What is being asked: Exactly the lines from the one holding "100 x 7 x 23mm" through the end of the material below must be printed, nothing more, and the pictures must be dropped.

Material provided:
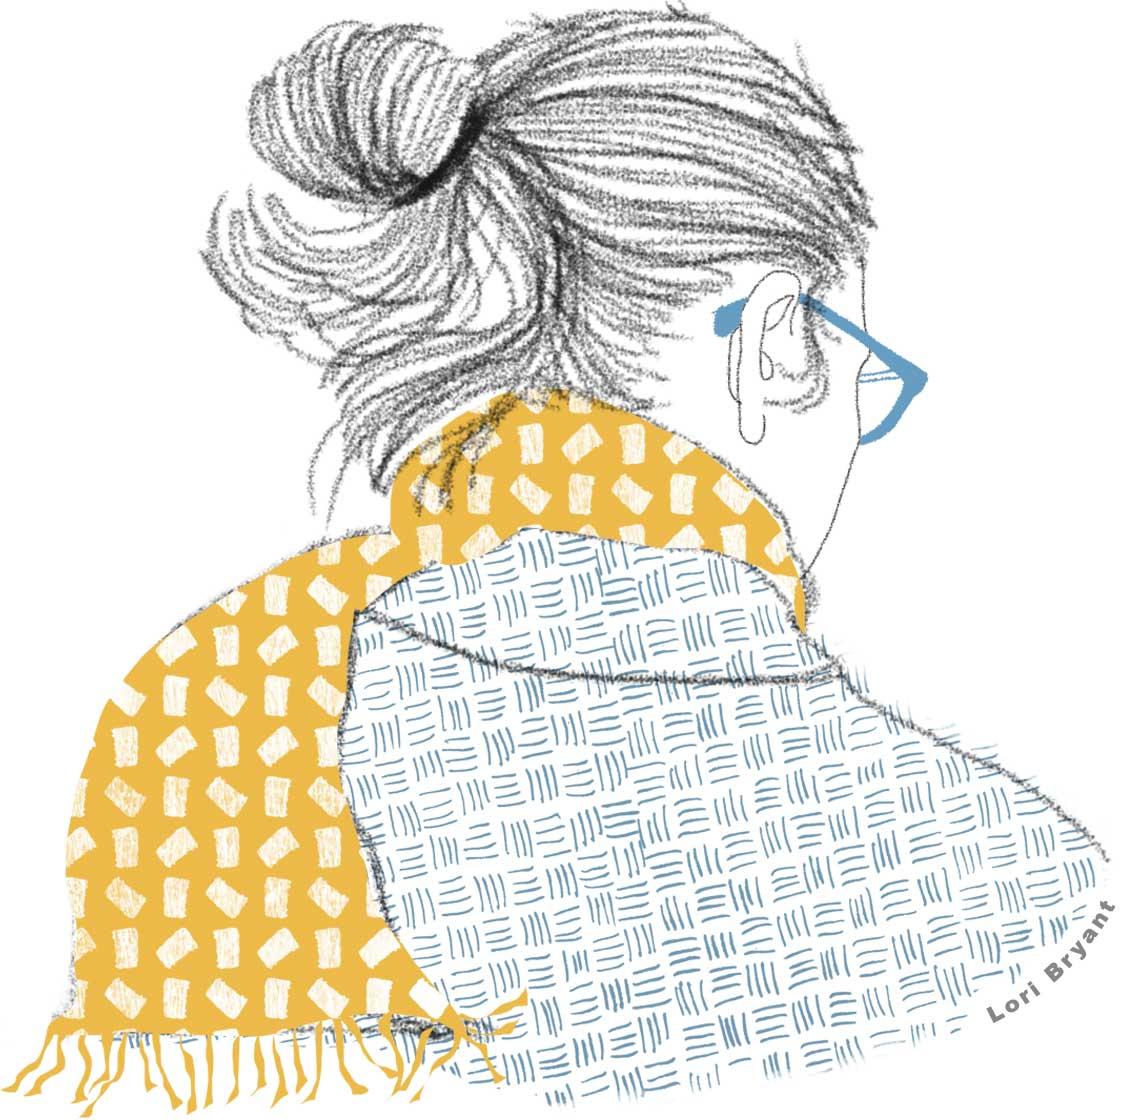 Laura J. Bryant (Lori Bryant) portrait
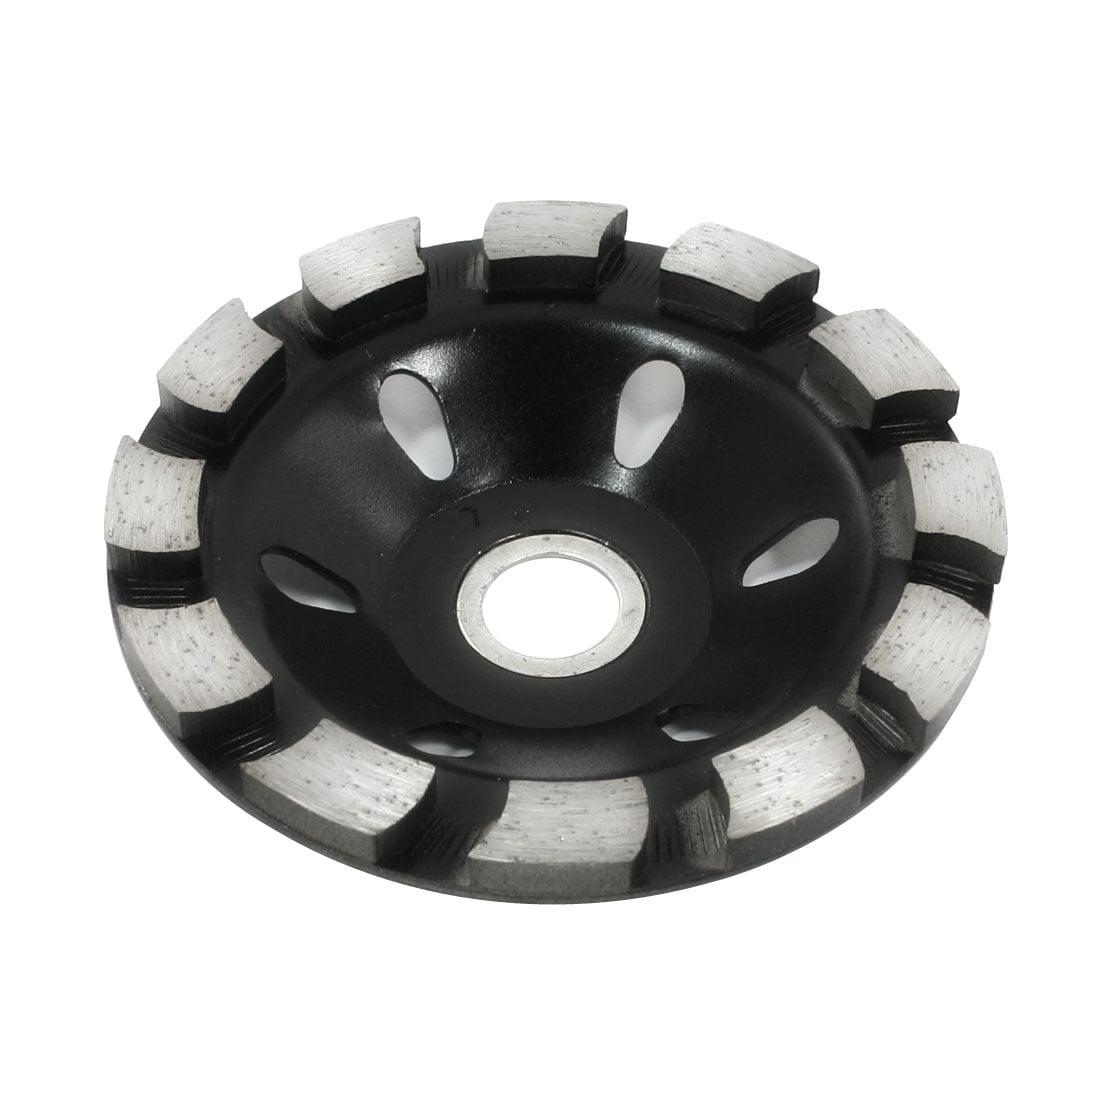 100 x 7 x 23mm Polishing Ceramic Concrete Grinding Black Silver Tone
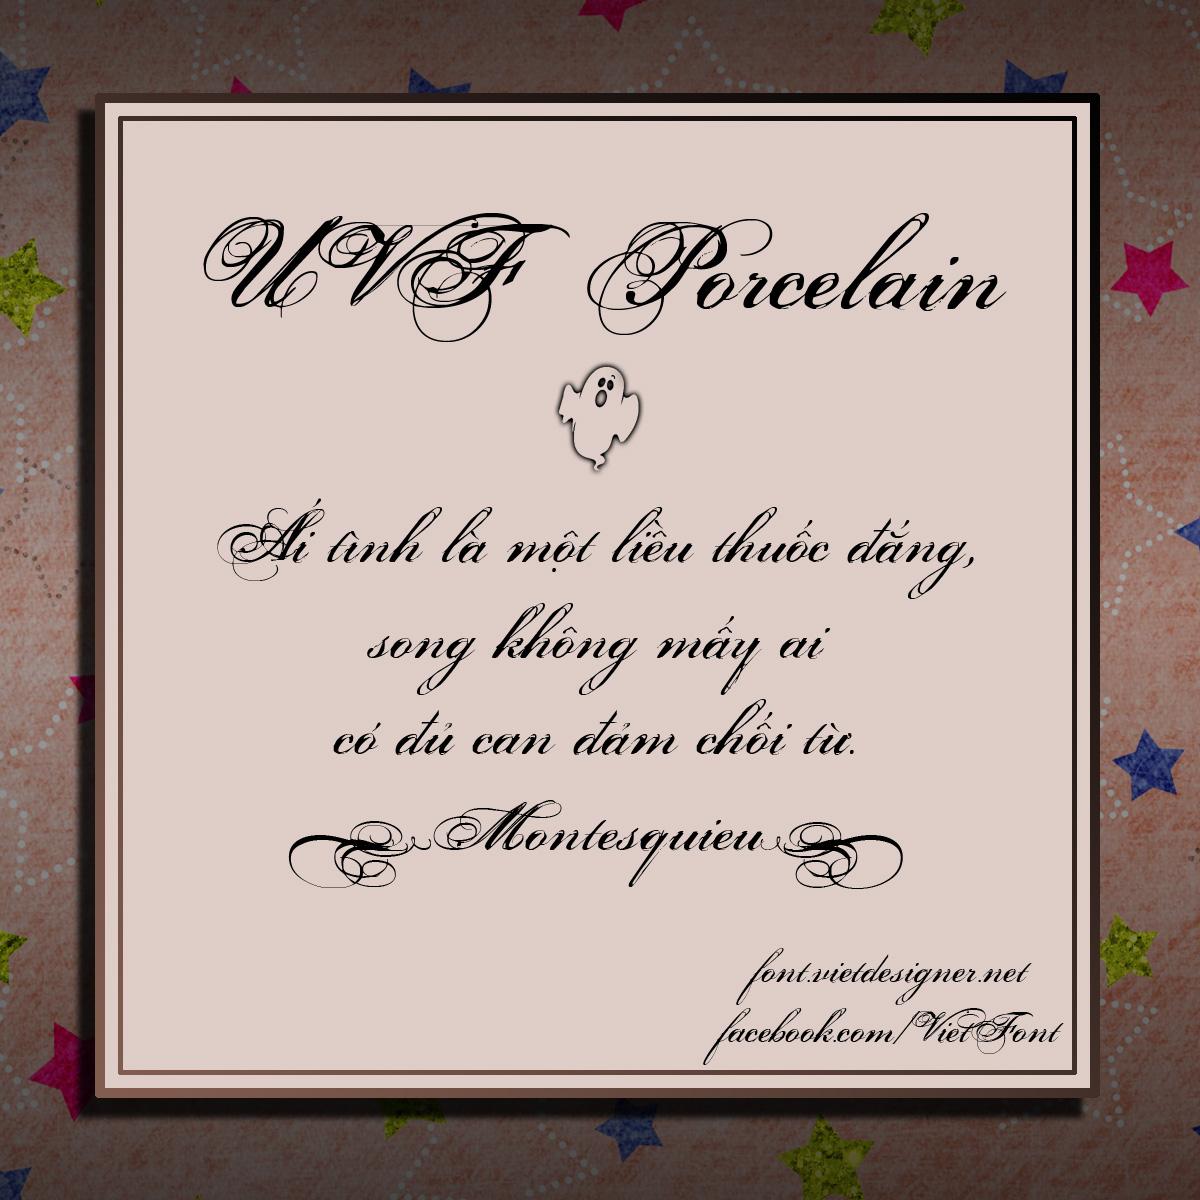 UVF Porcelain
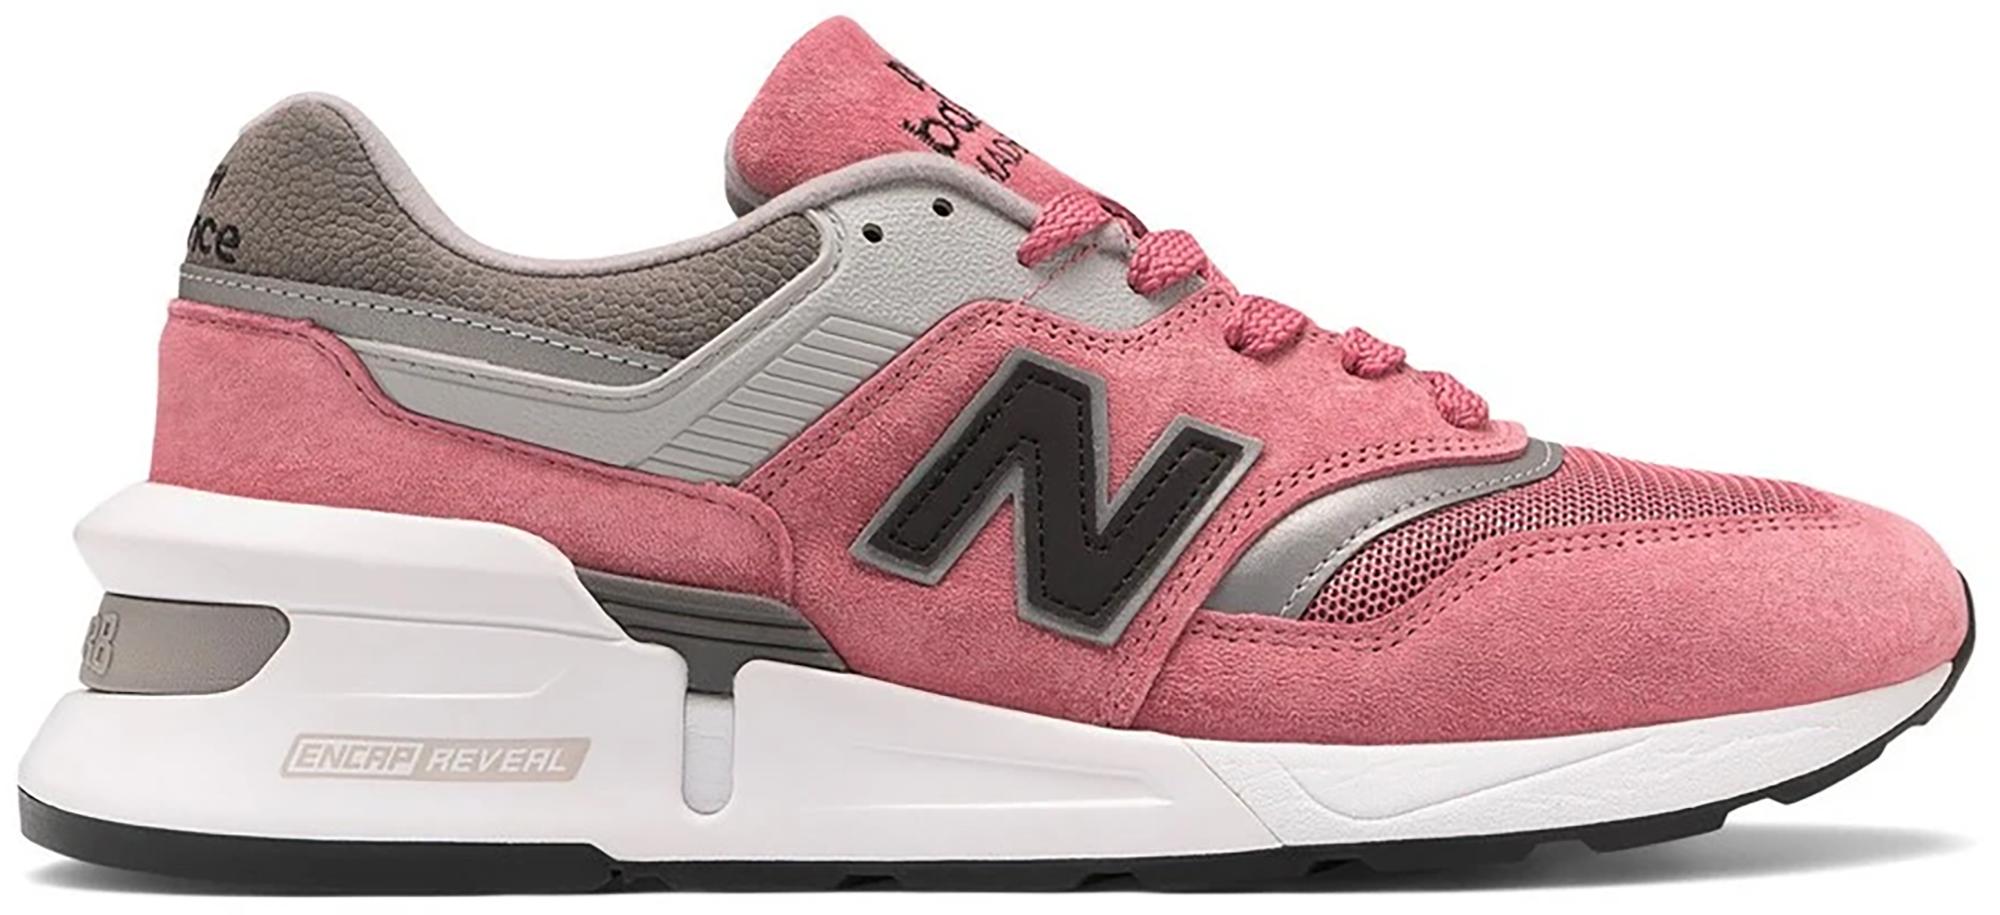 New Balance 997S Pink Grey - M997SPG

Solution for this exercise:
 100 x 7 x 23mm Polishing Ceramic Concrete Grinding Black Silver Tone
 UVF Porcelain
 New Balance 997S Pink Grey - M997SPG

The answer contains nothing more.